On the journey across the Fens to visit the A Markillie Ltd harvesting team who are cutting the last of their 2023 wheat, it’s not immediately apparent why the additional expense of a draper-type contour-following combine header would be justified.

The topography is flatter and field undulations, let alone hills of any description, are hard to spot across the largely stone-free silty clay loam land, while most remaining wheat is standing well.

With the area being prime country for big combines with wide cutting widths, the benefits of a sectional header frame and precise ground-hugging soon become apparent, especially with a wet year resulting in deep tramlines and laid crops evident nearer the harvest field.

There are also other reasons why such headers were developed, which are popular in the somewhat similar landscapes of the North American wheat belt.

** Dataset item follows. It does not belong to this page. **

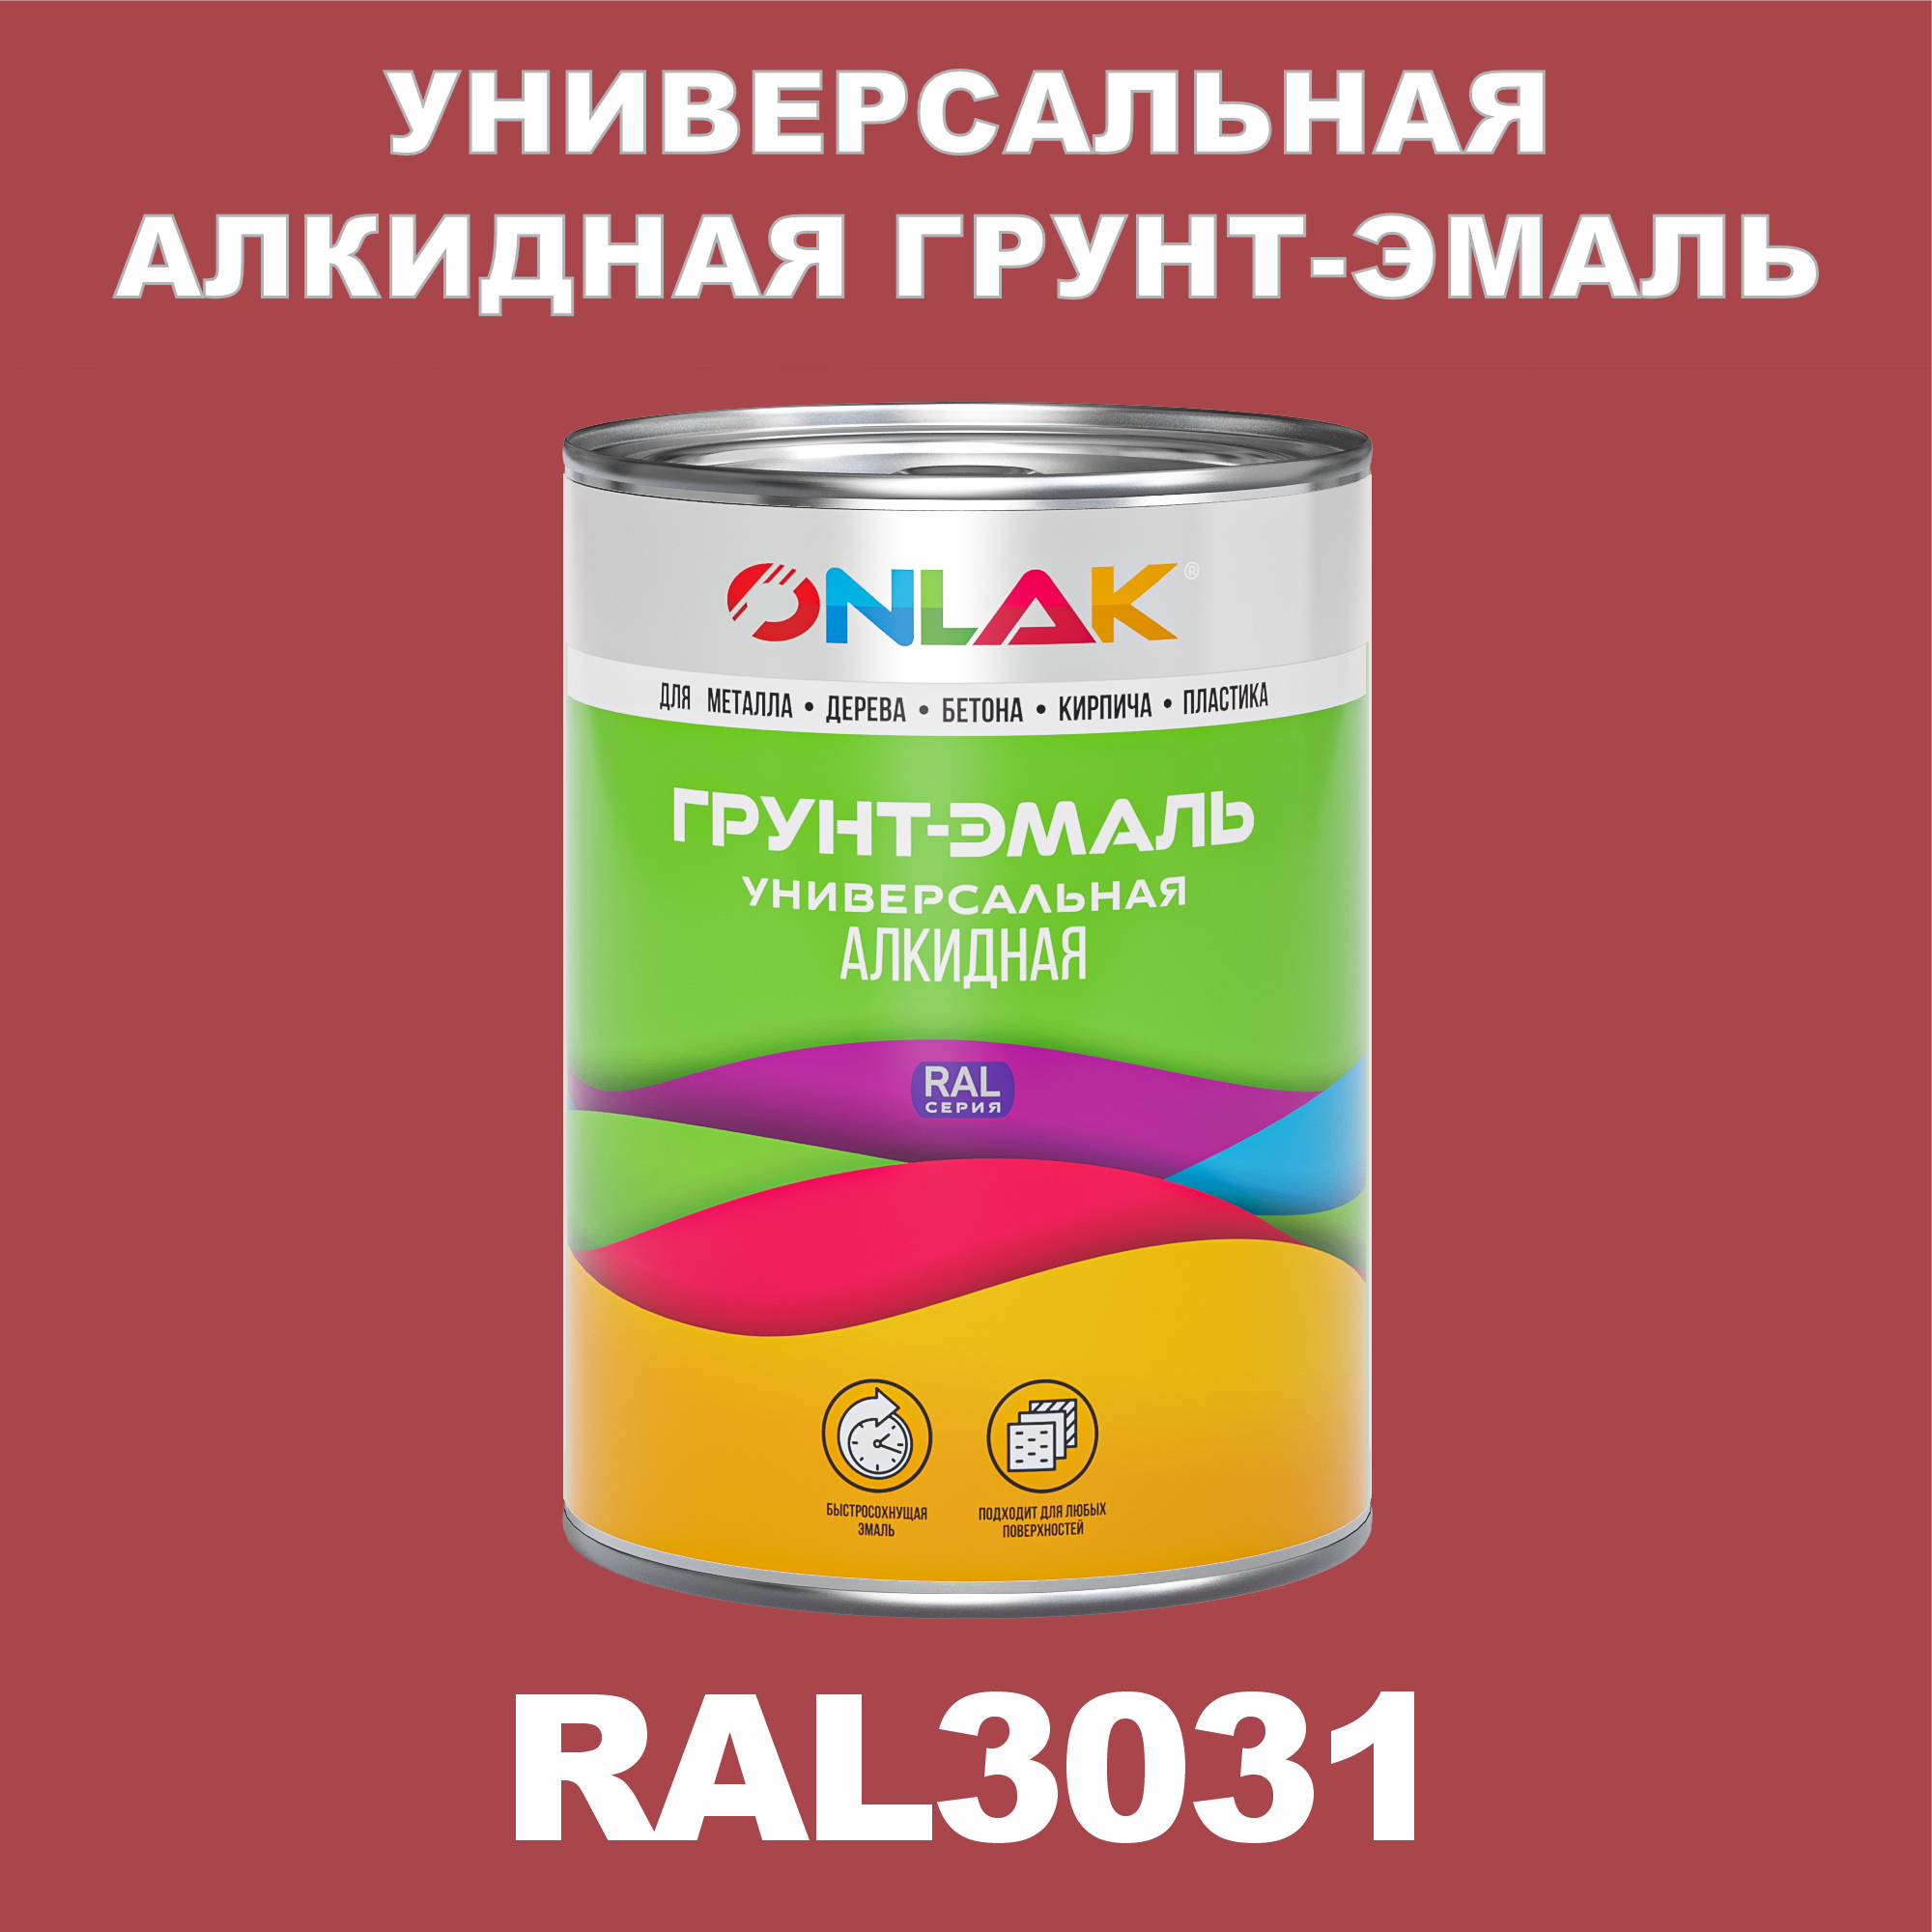 Грунт-эмаль ONLAK 1К RAL3031 антикоррозионная алкидная по металлу по ржавчине 1 кг алкидная эмаль грунт paritet

It isn’t only the ability of their three-section design to follow contours that sets them apart – but the head-first elevator feed ensured by the laterally-running belts that bring the crop to the longitudinal elevator-feeding belt, and make a conventional header auger obsolete.

That, the makers suggest, improves threshing performance and output, and can extend harvesting days because there’s no auger for damp unripe straw to wrap around. Then there’s the relatively lighter overall weight from not having a conventional auger, coupled with the use of aluminium components and free-moving plastic reel fingers designed to produce a combing and lifting effect.

Lastly, most designs have an extended feeder coupling to the combine elevator, allowing the header to be pivoted up or down to work underneath low or laid crop.

Because of their more complex and therefore costly nature, draper headers have tended to be a product developed and manufactured by specialists. Arguably the most well-known of these is Canadian firm, MacDon.

In the UK, MacDon has long sold these units through its dealer network and continues to do so, but in late 2021, the firm announced a partnership with CNH Industrial’s New Holland and Case IH brands. This was to offer a full line of branded combine draper headers through the two CNHi brands’ dealers, allowing the MacDon FlexDraper 2 (FD2) units to be dealer-ordered as an alternative to the standard New Holland and Case IH headers.

The Markillie family has to balance not cutting wheat over 18% moisture unless absolutely necessary, with having 950ha of its 1,200ha farmed area down to the crop, and more than half of that being Group 1 milling. Therefore, the operation relies on having surplus capacity in its machinery fleet to ensure quality is protected and maximum crop is cut within available weather windows. For them that means running a pair of New Holland CR9.90 combines with 12.3m/41ft MacDon headers.

“Because it’s early and has always yielded well for us – this year it did 10.8t/ha at 13.5% protein – we still grow about 50ha of Gallant, but the majority of our milling wheat is KWS Zyatt,” explains Jason Esser, the business’s farm manager, as he pilots one of the CR9.90s in mid-August through some of the last wheat to cut.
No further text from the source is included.